5th Day of the Eleventh Moon, 281 AC – The Riverlands
The northern host marched south across the Green Fork, their banners snapping in the cold autumn wind. The air smelled of smoke and ash, carried on the breeze from villages that had burned long before the wolves arrived.
Jin Mu-Won walked beside the wagons, his staff steady, his bare feet sinking into mud. He felt it before he saw it: the sharp taste of sorrow in the air, the heavy weight of qi thick with grief.
When they came to the first village, it was a ruin. Charred beams jutted from the ground like broken teeth, smoke still rising from the blackened earth. The silence was broken only by the caw of carrion crows.
Brandon cursed, his sword drawn though there was no one left to fight. "The bastards fled before us."
Ned dismounted, his face pale. He moved among the ruins, his hand brushing the burned wood. When he found the bodies — a mother, a child, their hands still clasped even in death — he froze, his lips tight.
Jin knelt beside them, his hand hovering over their ashes. His voice was low, heavy, carrying across the ruin. "This is war's truth. Not crowns, not banners. Only this."
The soldiers behind him shifted uneasily. Some muttered prayers. Others turned away.
Ned's voice was tight. "They were smallfolk. They had no part in this."
Jin's gaze was steady. "War does not see part or place. It only devours. And if you forget that, you will become its teeth."
---
The next days were worse. More villages, more ruins. Some had been sacked by crown loyalists, others by foraging bands who cared only for plunder.
In one hamlet, they found survivors — women and children hiding in a cellar, their eyes hollow with hunger. Soldiers called for them to be left, for the army could not feed every mouth.
Jin stepped forward. "We will not march past them."
Brandon scowled. "Our men starve as it is.
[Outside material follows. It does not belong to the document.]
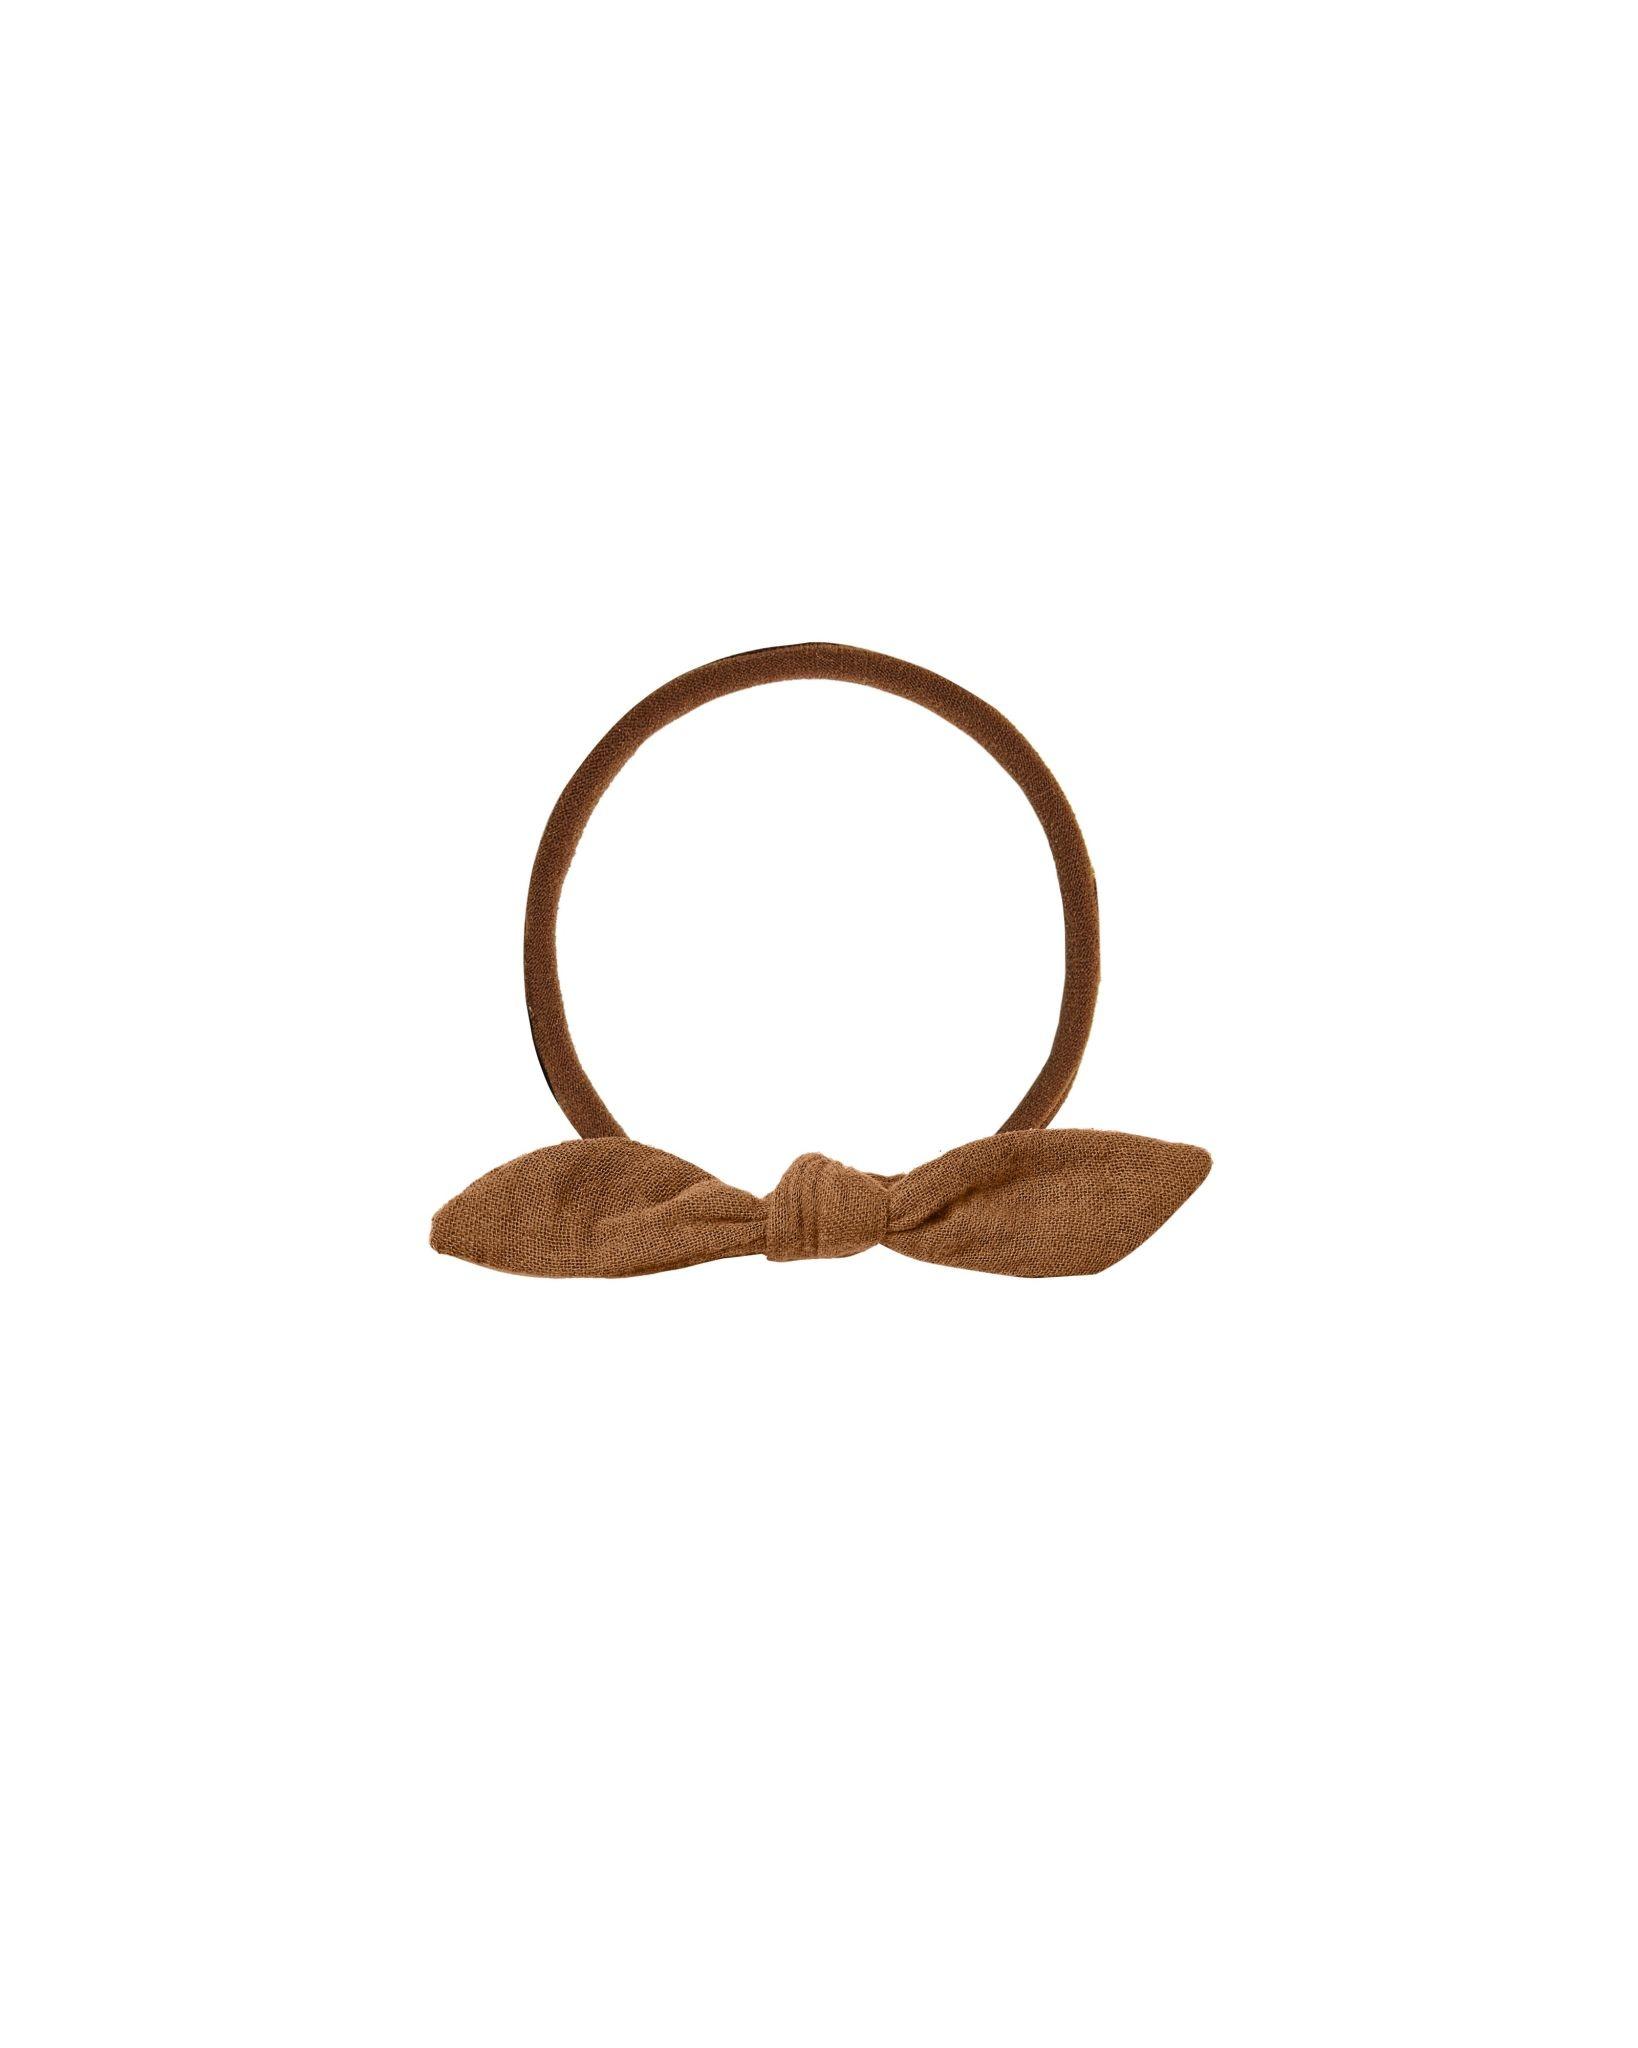 Rylee and Cru Rylee & Cru Knot Headband

We cannot feed every beggar in the Riverlands."
Jin's reply was sharp, his voice cutting like steel. "Then what do you fight for, Brandon Stark? Crowns? Songs? If you leave them, then you fight for nothing worth the blood in your veins."
Rickard's gaze was heavy. "And what do you propose, stranger? That we carry them all to war?"
Jin's eyes did not waver. "I propose that we remember they are the reason war should end at all. Give them food enough to walk. Set them upon the safer roads. If we forget them, then we are no better than those who burned their homes."
There was silence. At last, Ned stepped forward. "He is right. We will give what we can spare. And I will see them to Riverrun when the chance comes."
Rickard nodded slowly, though his face was grave. Brandon turned away, muttering.
Jin bowed his head slightly. "A shield cannot cover all. But it can cover some. That is enough."
---
One night, as rain pattered upon the tents, Ned found Jin sitting beneath the open sky, his staff across his knees. The camp behind them murmured with weary voices, the air thick with sorrow.
Ned sat beside him, silent for a long time before speaking. "I thought I understood war. I thought it was honor, oaths, steel. But every day I see more bodies, more burned homes. I do not know if honor survives this."
Jin's eyes were calm, though his voice was heavy. "Honor is not in the fire. It is in what you choose when the fire comes. Do you turn away, or do you stand? That is all honor is. Not songs. Not crowns. Only choice."
Ned's gaze was fixed on the rain. "And you, Jin? Why do you stand? You are not of this land. You owe nothing to us. Why walk in our fire?"
Jin's voice was long, his words carrying the weight of another world. "Because I stood once before and failed. I watched my world burn, my people consumed by pride and cruelty. I swore then I would never watch again. Not while I could still draw breath. I am not your man, Ned Stark. I am not bound by your banners. But I will not stand aside while children cry in the ashes."
Ned turned, his grey eyes meeting Jin's. In that moment, he understood. This man was no lord, no knight. He was something rarer: a man who stood because he could not do otherwise.
Ned bowed his head, his voice soft. "Then may the gods keep you standing. For all our sakes."
---
Far to the south, Robert Baratheon's hammer fell again, this time in the Reach. His fury was unstoppable, his victories piling. His men loved him, followed him with laughter and blood. But behind him, fields blackened, villages emptied.
In King's Landing, Aerys raved louder, demanding wildfire poured into the cellars. "Burn them all!" he shrieked. "If they come, if they dare, we will burn them all!"
Elia Martell wept silently, holding her children as the city prepared to drown in green fire.
And at Casterly Rock, Tywin waited still, his silence sharper than any sword.
---
In the Riverlands, the northern host pressed on. Jin's legend spread faster than ravens, carried in whispers: a man who bent arrows, who healed with a touch, who walked barefoot through mud and ash yet stood like iron. Some called him a sorcerer. Others, a saint.
But to the smallfolk he had saved, he was only this: the Shield.
And though war raged louder with each passing day, his vow burned brighter: no innocent would fall while he still drew breath.